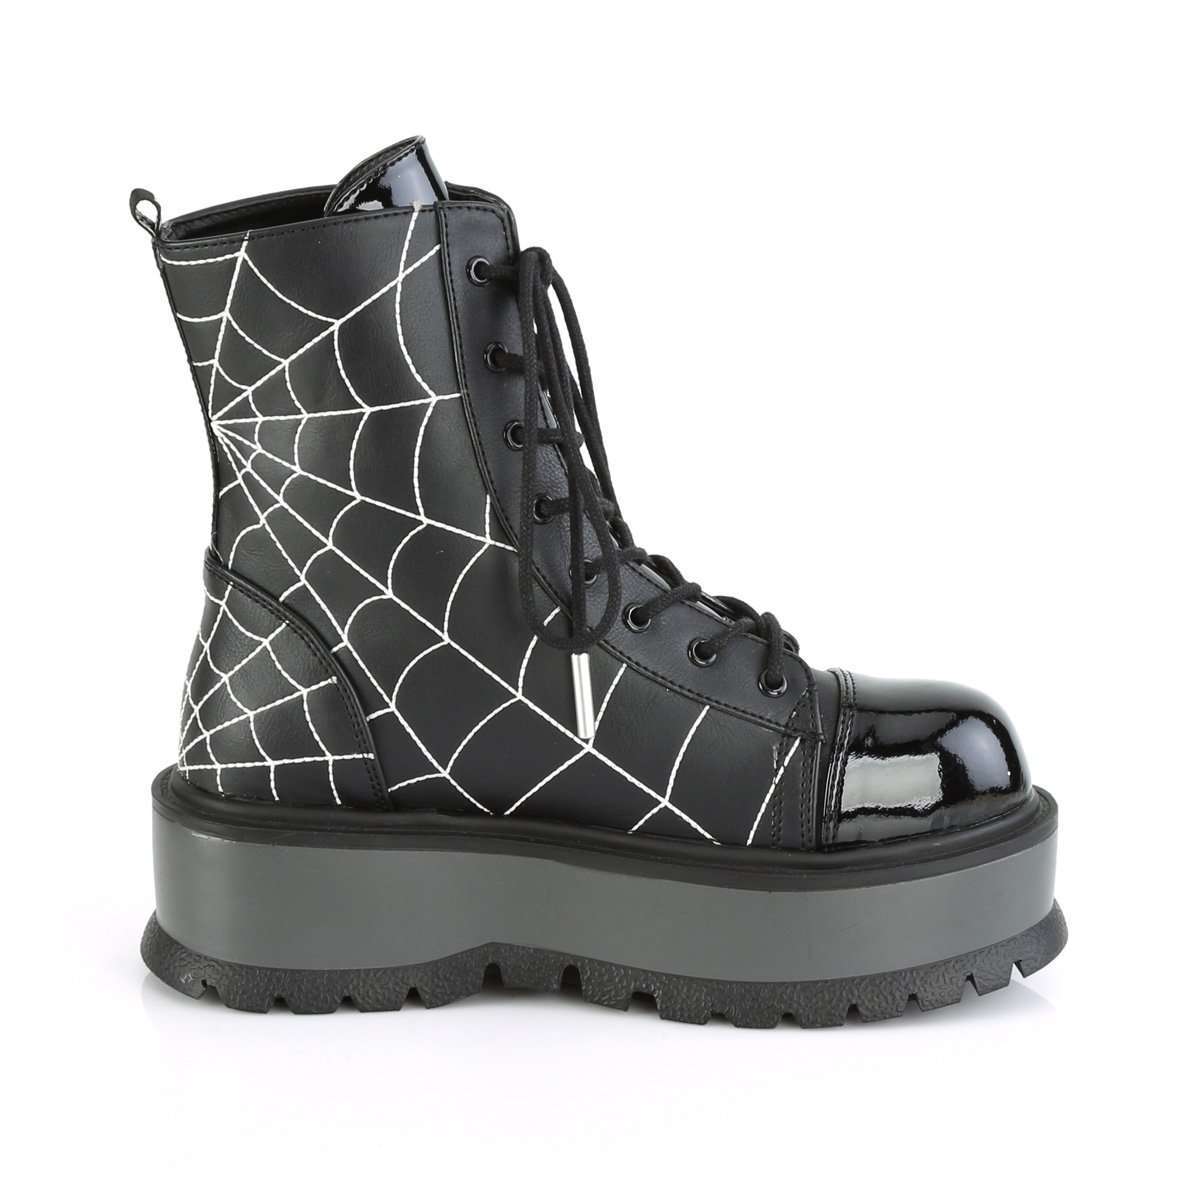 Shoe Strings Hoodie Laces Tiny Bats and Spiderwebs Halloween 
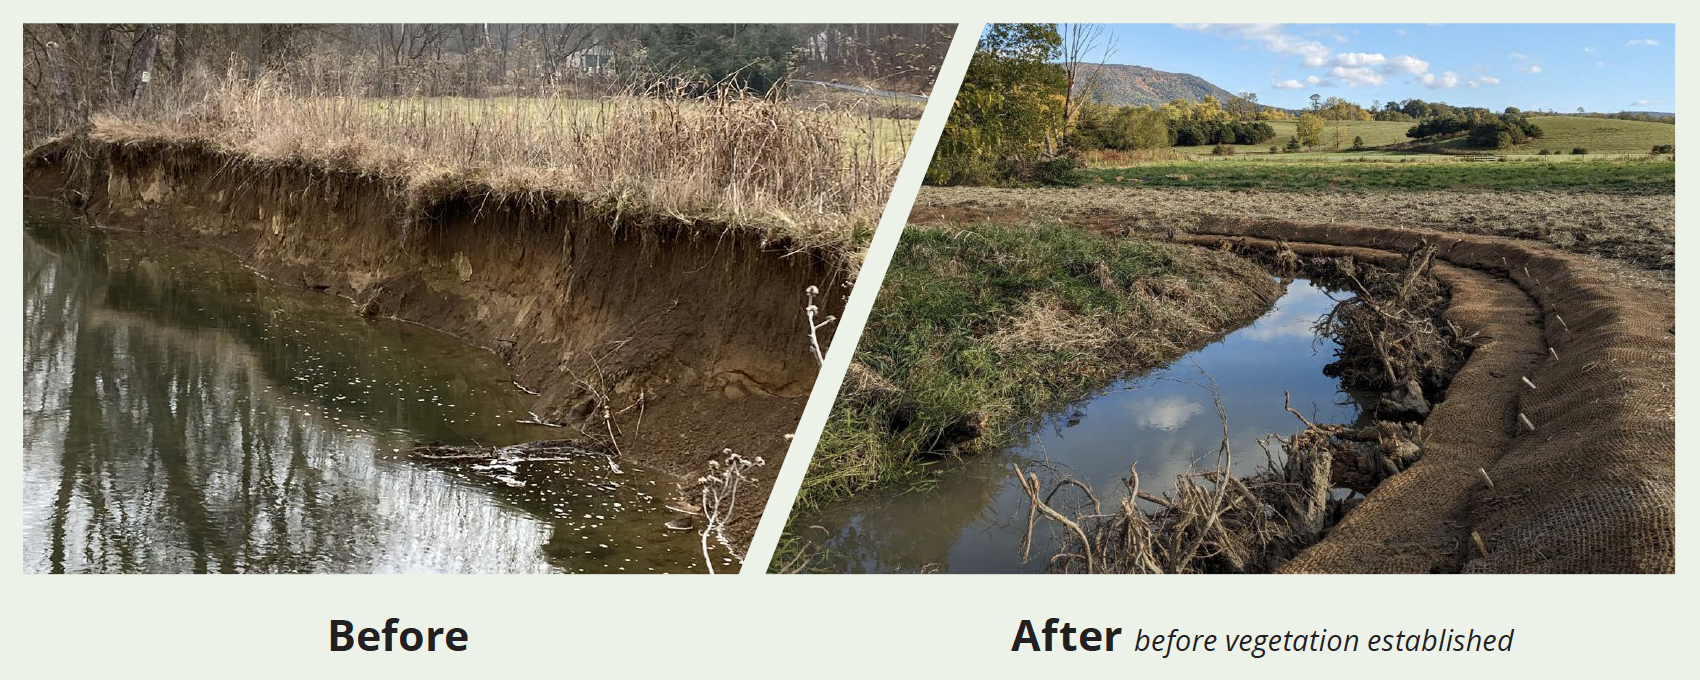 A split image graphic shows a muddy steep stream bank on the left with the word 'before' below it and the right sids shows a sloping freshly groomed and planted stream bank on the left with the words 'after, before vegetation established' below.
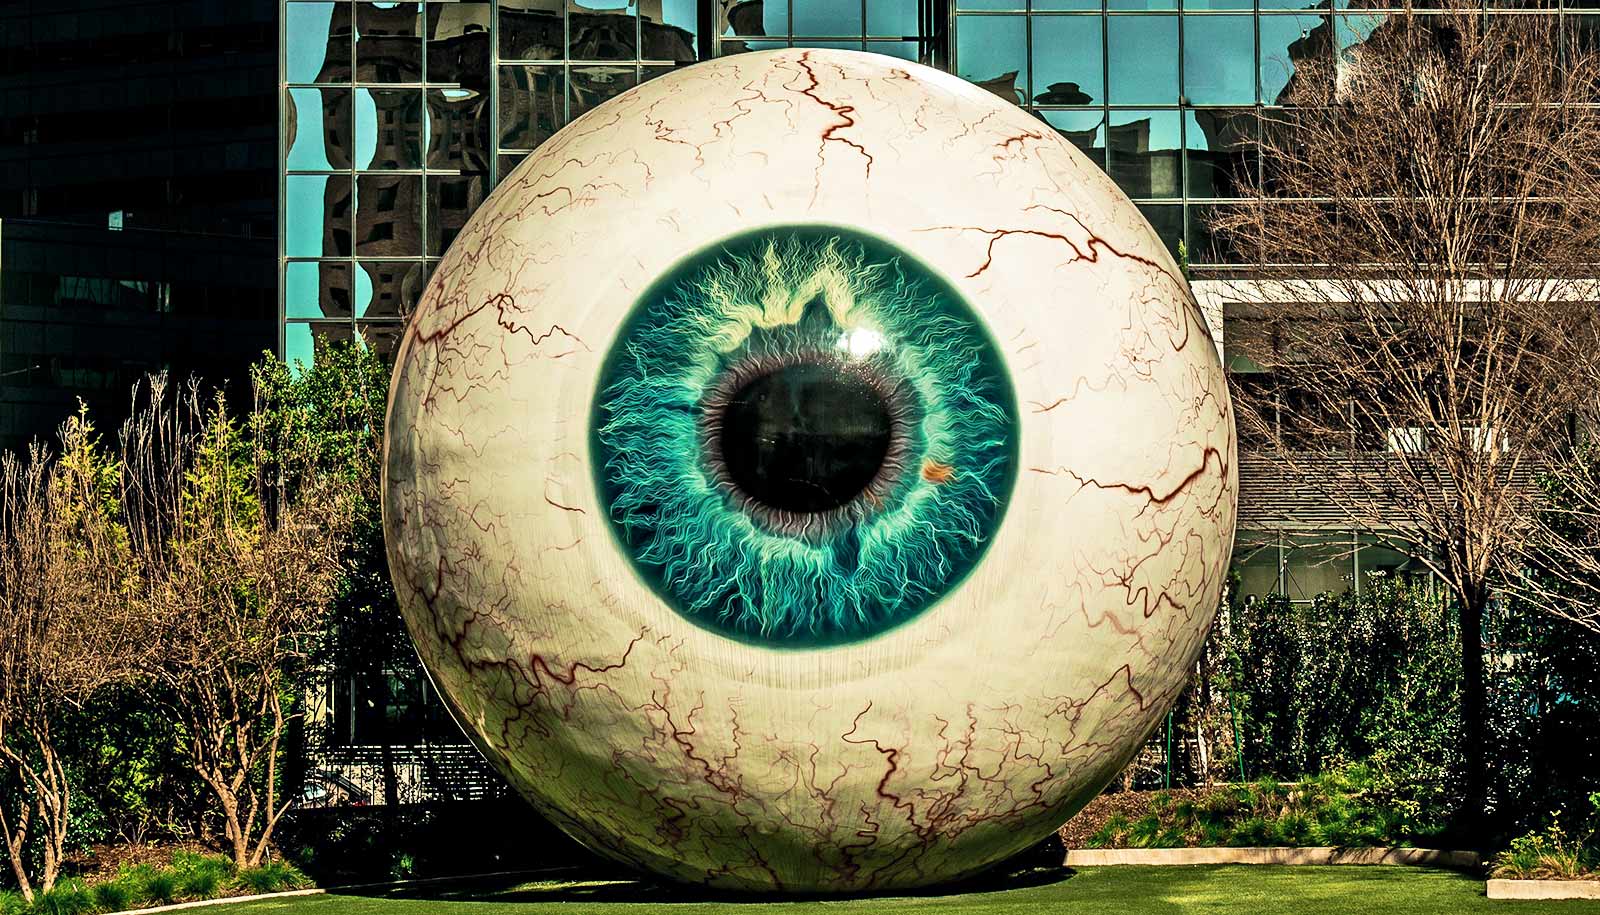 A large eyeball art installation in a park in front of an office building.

------------------------------

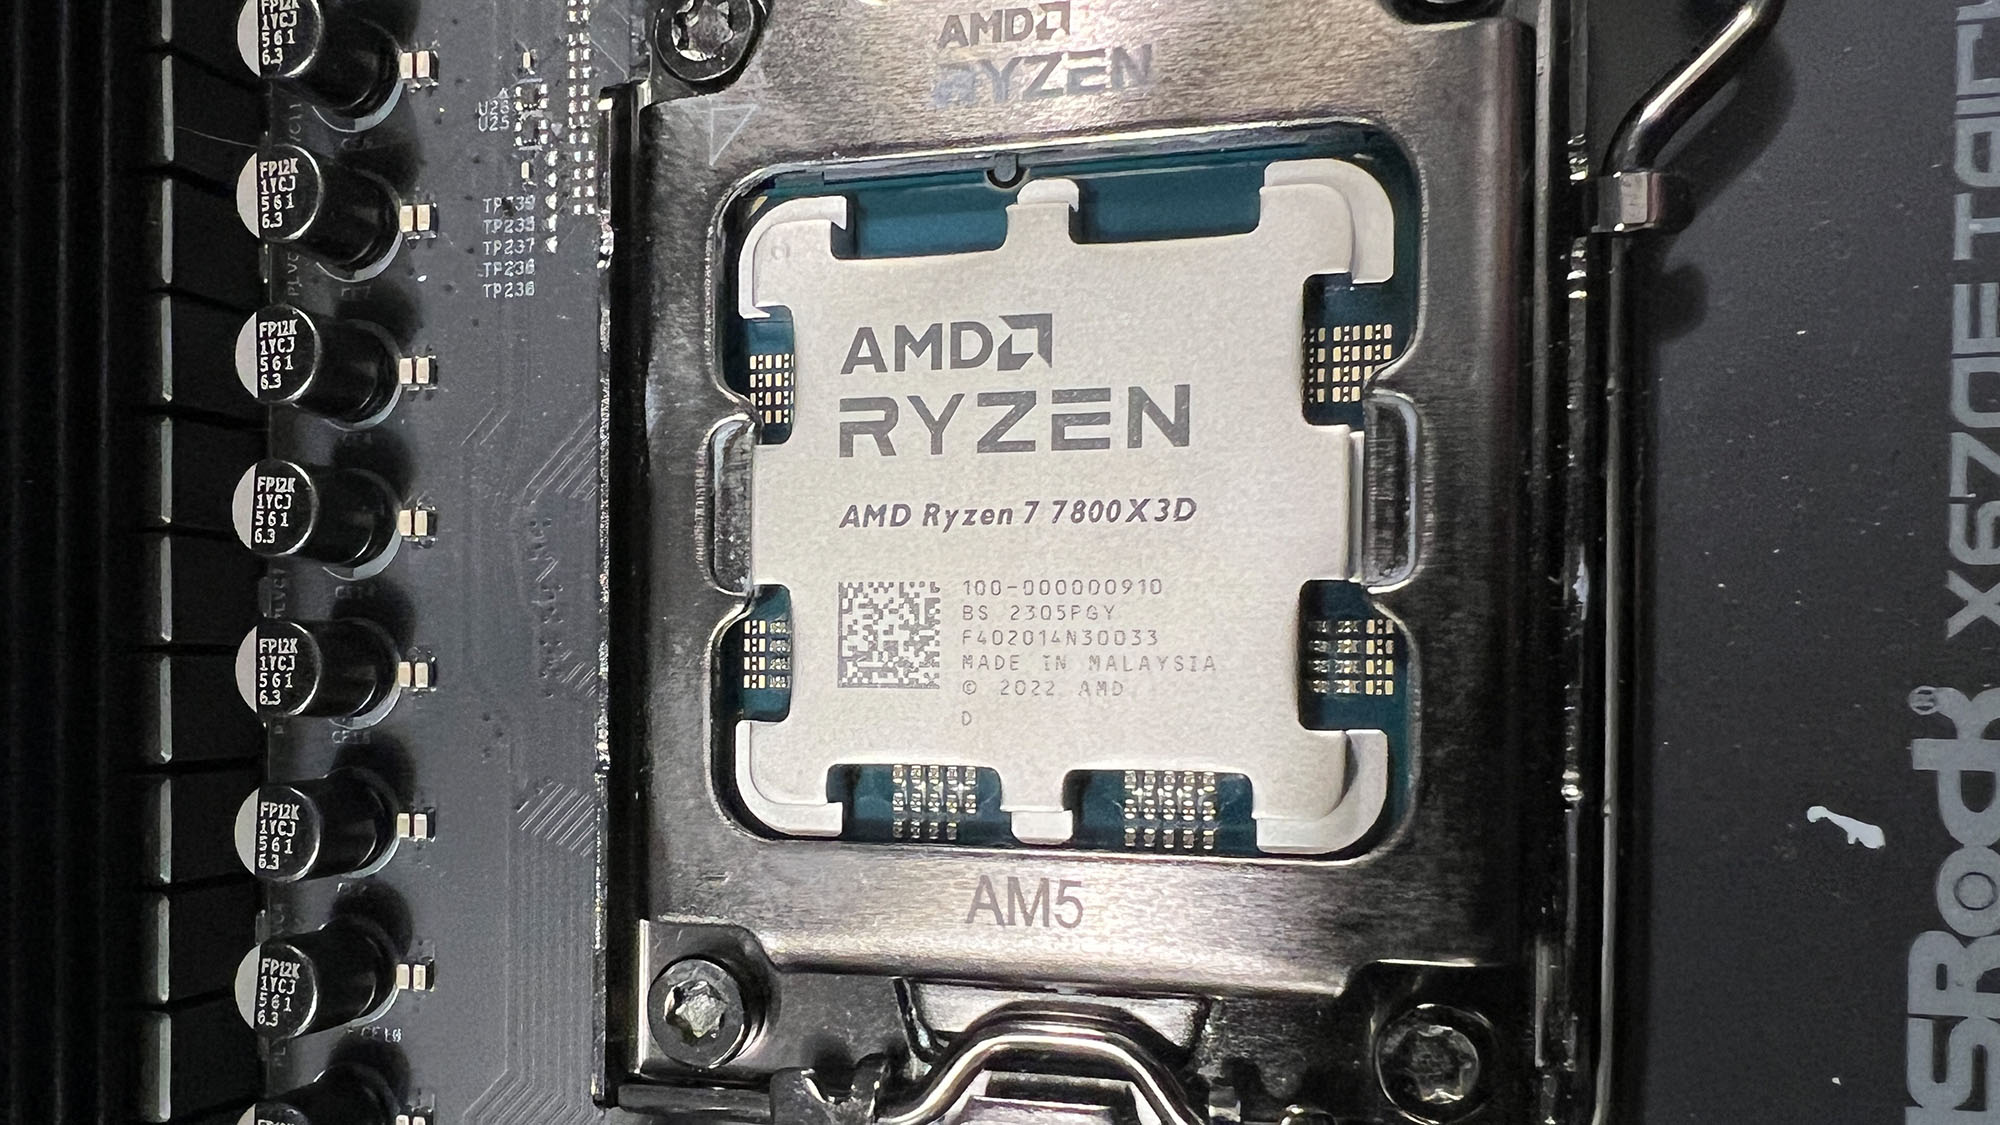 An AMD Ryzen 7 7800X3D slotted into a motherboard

------------------------------

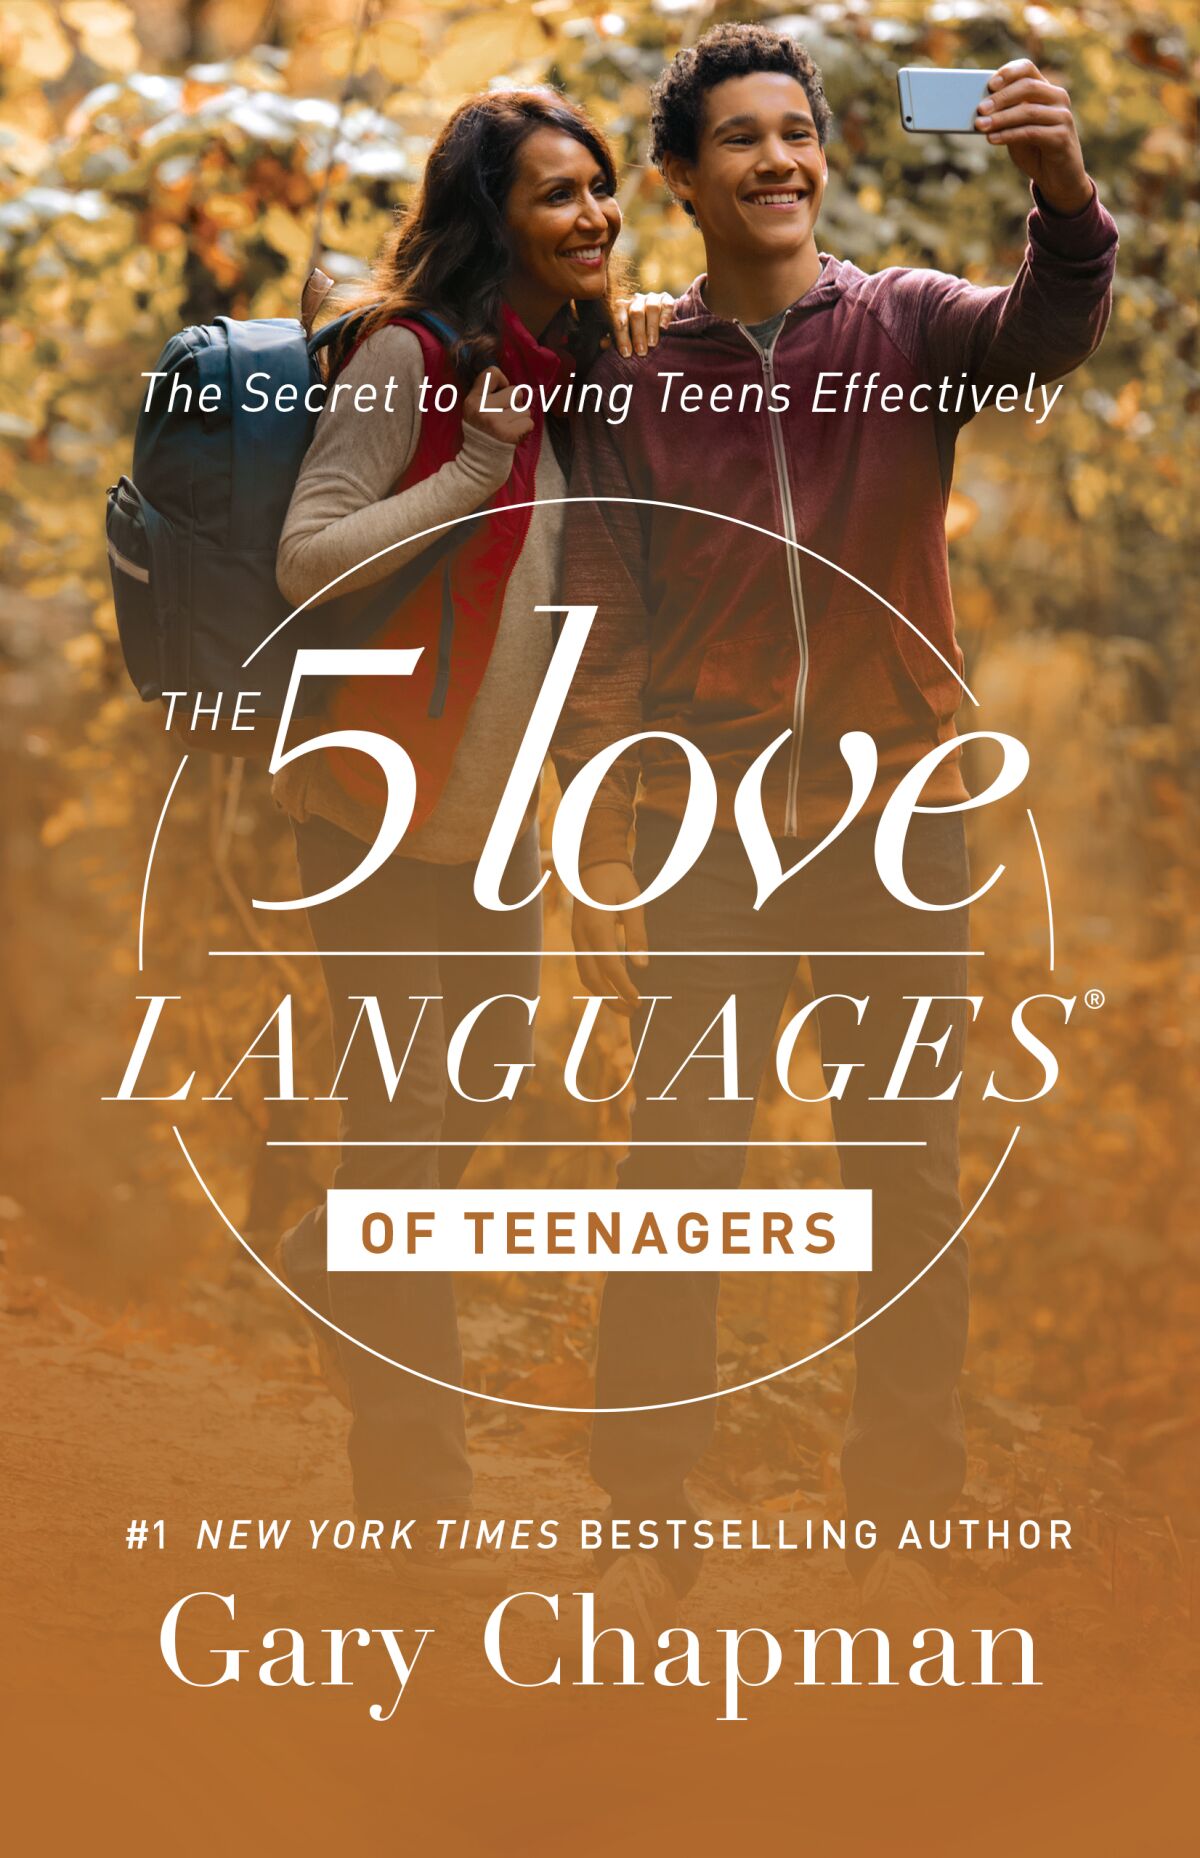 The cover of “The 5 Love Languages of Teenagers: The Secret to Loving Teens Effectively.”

------------------------------

§ Task details
When copying from the data above, print only the lines from the line containing "Shoe Strings Hoodie" to the line containing "A large eyeball", exactly, and leave the pictures out.

§ Task response
 Shoe Strings Hoodie Laces Tiny Bats and Spiderwebs Halloween 
 A split image graphic shows a muddy steep stream bank on the left with the word 'before' below it and the right sids shows a sloping freshly groomed and planted stream bank on the left with the words 'after, before vegetation established' below.
 A large eyeball art installation in a park in front of an office building.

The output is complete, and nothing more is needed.